PROBLEM REQUIREMENTS: From the records below, print only the part that opens with the line containing "Australian Dairy Industry" and closes with the line containing "Wheat seed and"; omit the pictures.

PROVIDED DATA:
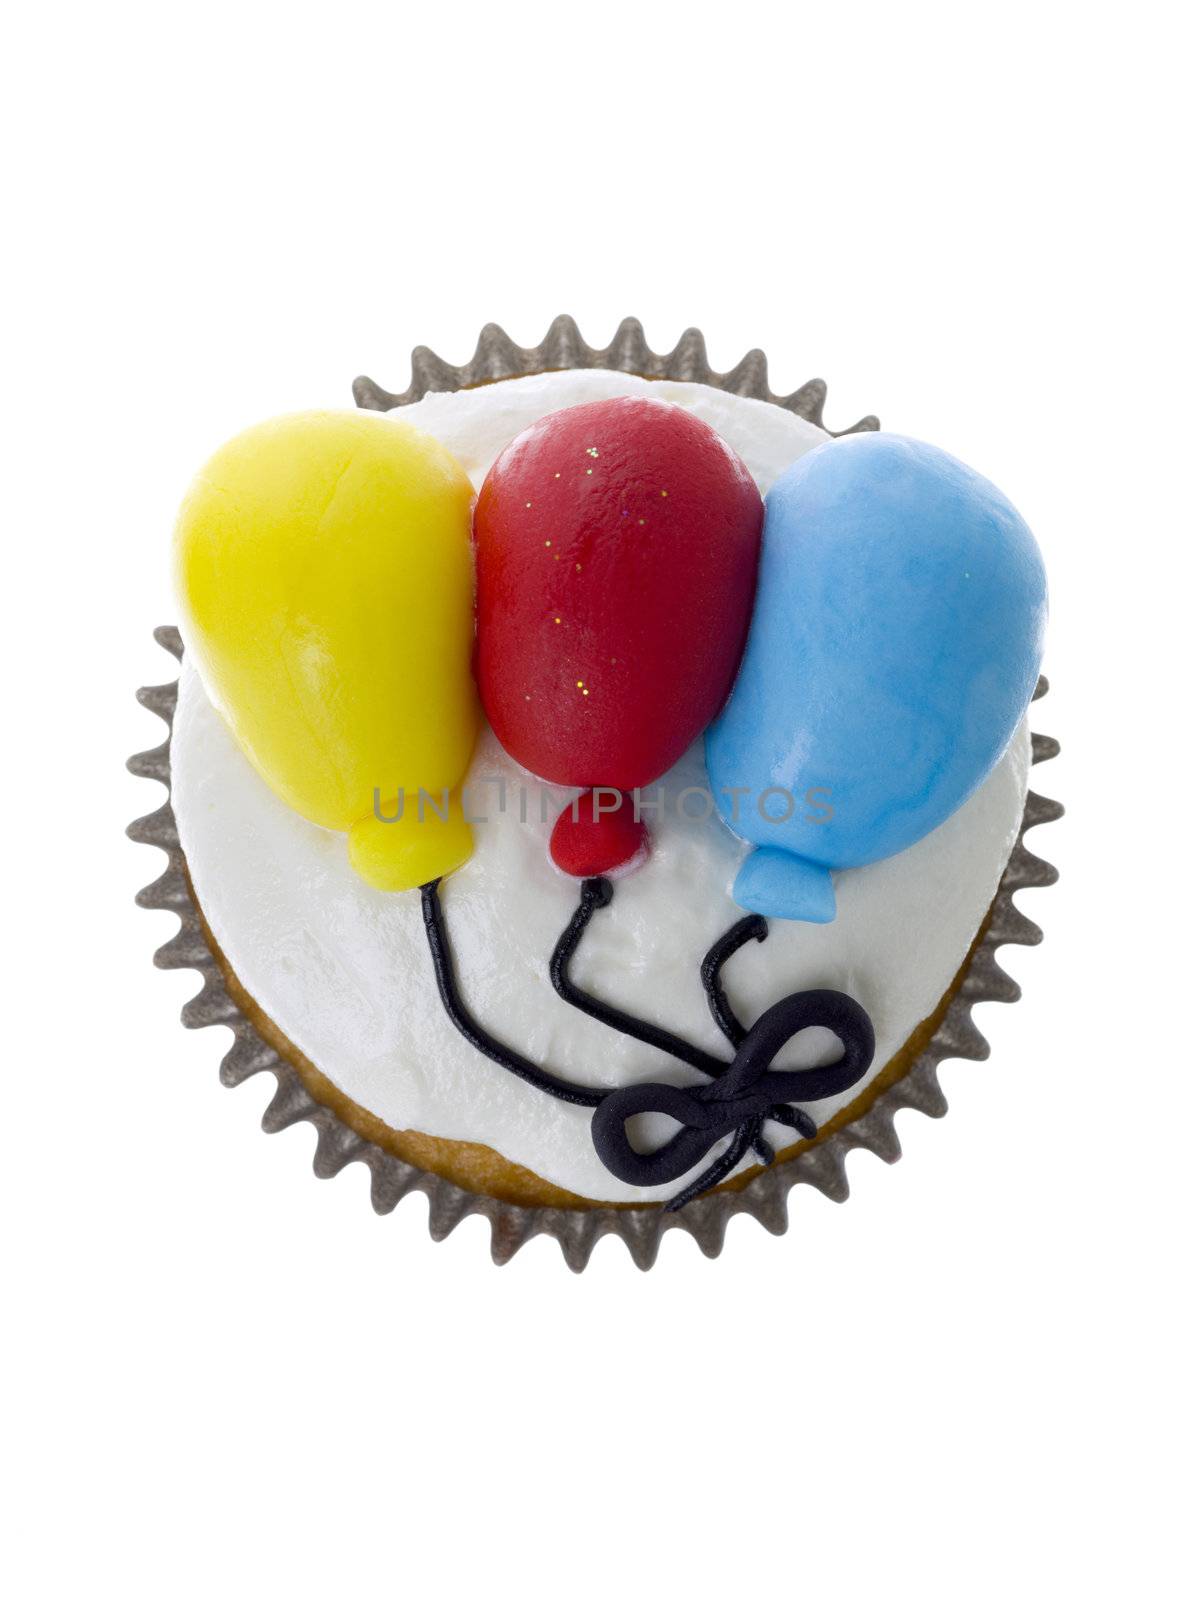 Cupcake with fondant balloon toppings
==
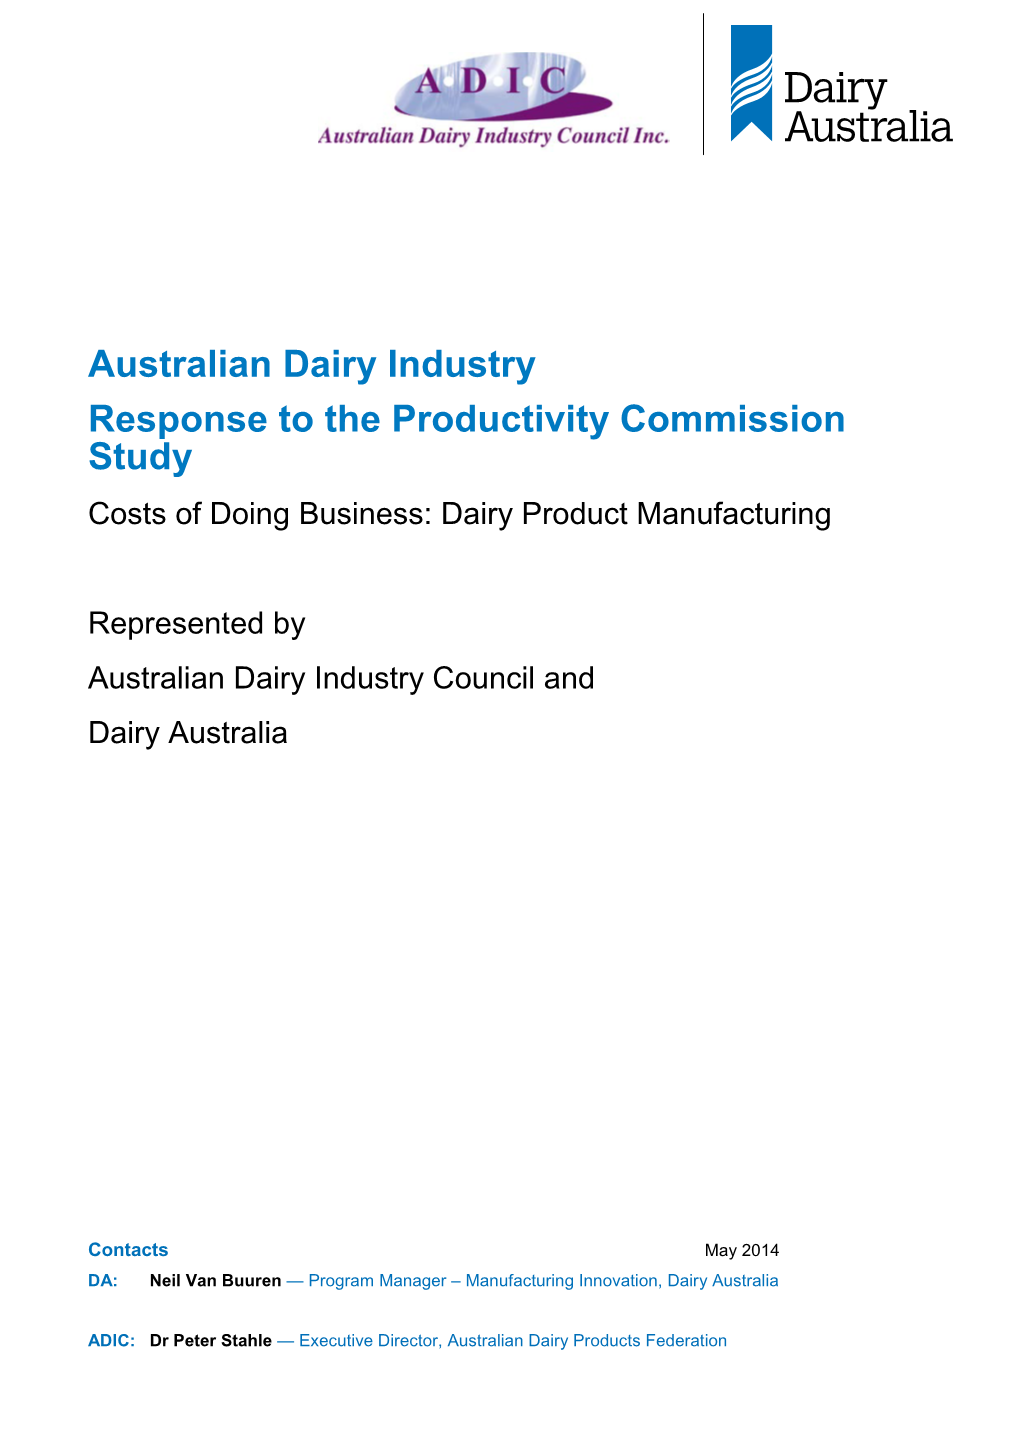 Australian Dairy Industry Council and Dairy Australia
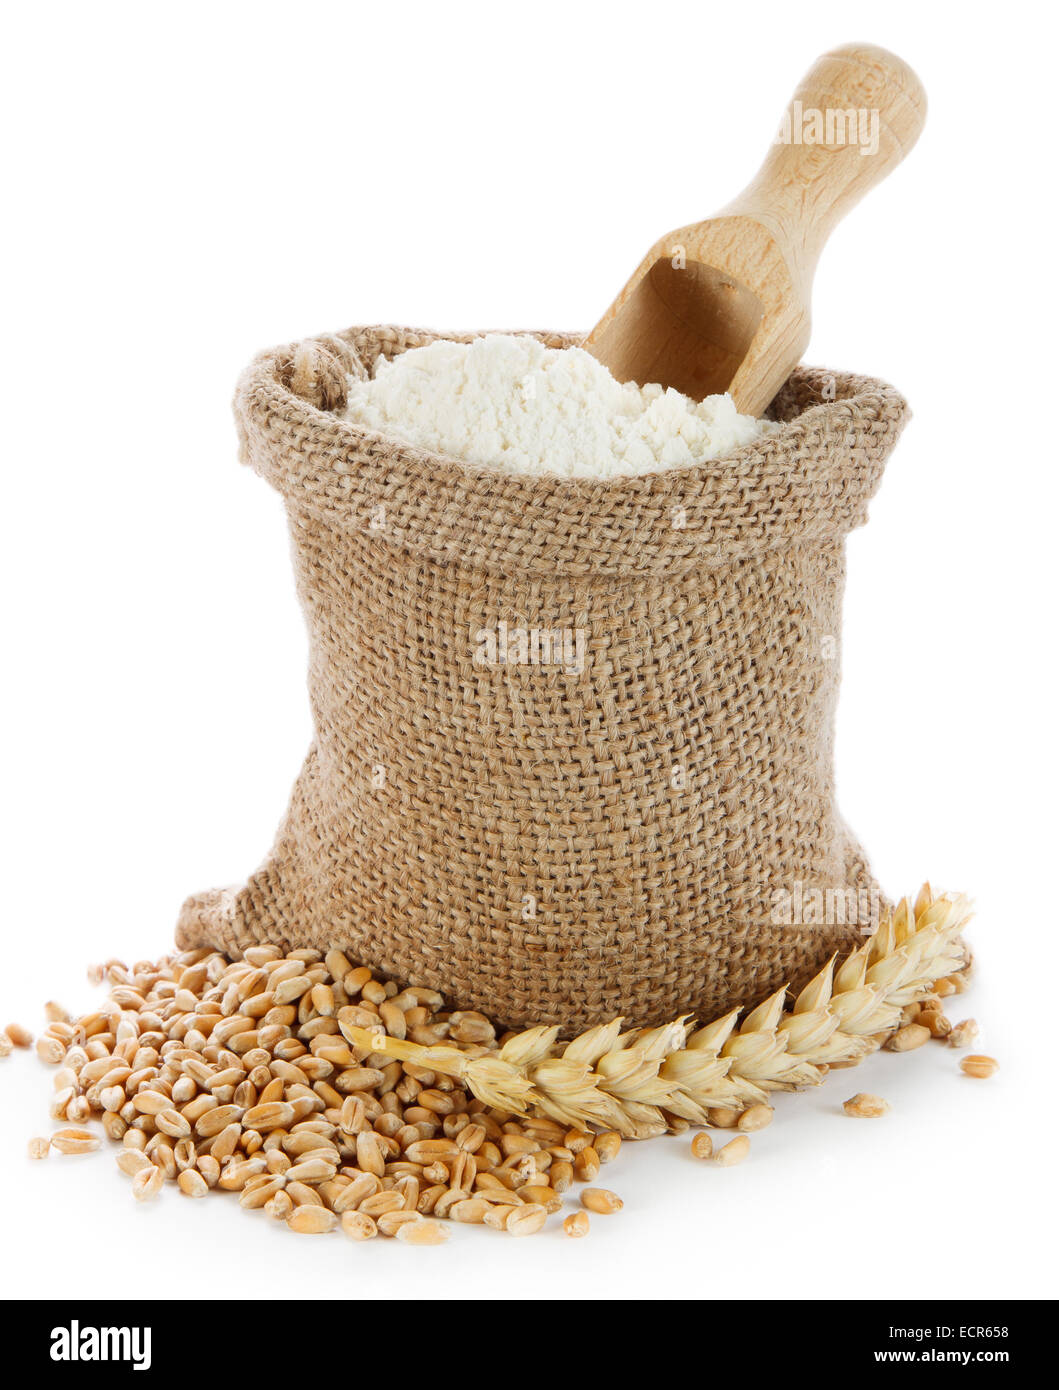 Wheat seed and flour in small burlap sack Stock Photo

RESULT FOR THIS EXERCISE:
 Australian Dairy Industry Council and Dairy Australia
 Wheat seed and flour in small burlap sack Stock Photo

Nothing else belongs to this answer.